Acyclic Preference Systems in P2P Networks

TL;DR

This paper investigates acyclic preference systems in P2P networks, showing they can be represented with symmetric matrices and often form small-world graphs, which has implications for network stability and efficiency.

Contribution

It introduces a method to represent and merge acyclic preference systems using symmetric matrices and analyzes their structural properties in P2P networks.

Findings

Acyclic preference systems can be represented with symmetric mark matrices.

Stable configurations often form small-world graphs.

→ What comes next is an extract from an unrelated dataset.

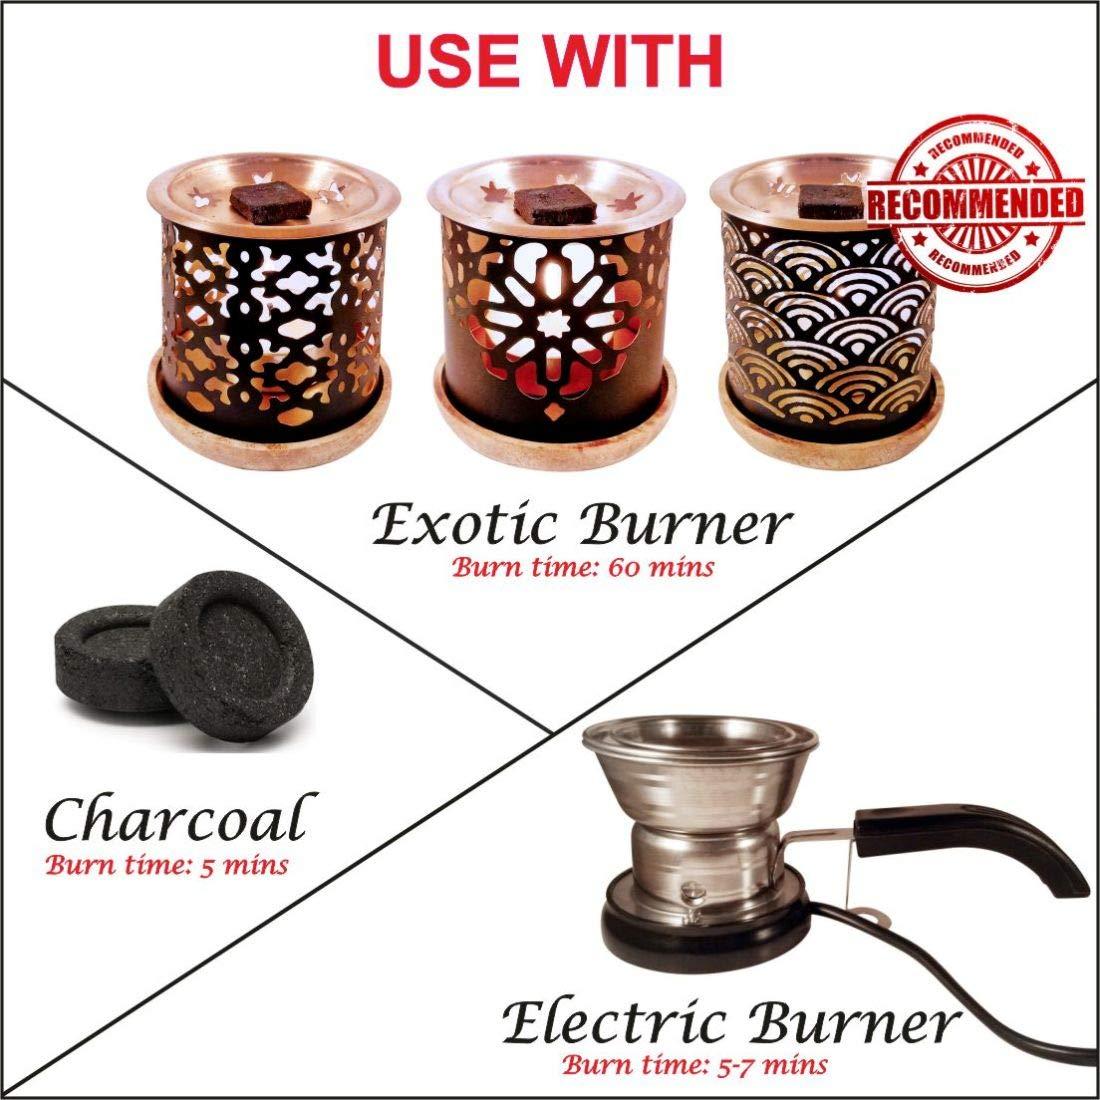 Dukhni Oud Bakhoor Incense Variety Box & Rainbow Bakhoor Burner - Gift Set & Starter Kit by Dukhni (Image #6)

Preferences based on real latency measurements lead to small-world stable configurations.

Abstract

In this work we study preference systems natural for the Peer-to-Peer paradigm. Most of them fall in three categories: global, symmetric and complementary. All these systems share an acyclicity property. As a consequence, they admit a stable (or Pareto efficient) configuration, where no participant can collaborate with better partners than their current ones. We analyze the representation of the such preference systems and show that any acyclic system can be represented with a symmetric mark matrix. This gives a method to merge acyclic preference systems and retain the acyclicity. We also consider such properties of the corresponding collaboration graph, as clustering coefficient and diameter. In particular, studying the example of preferences based on real latency measurements, we observe that its stable configuration is a small-world graph.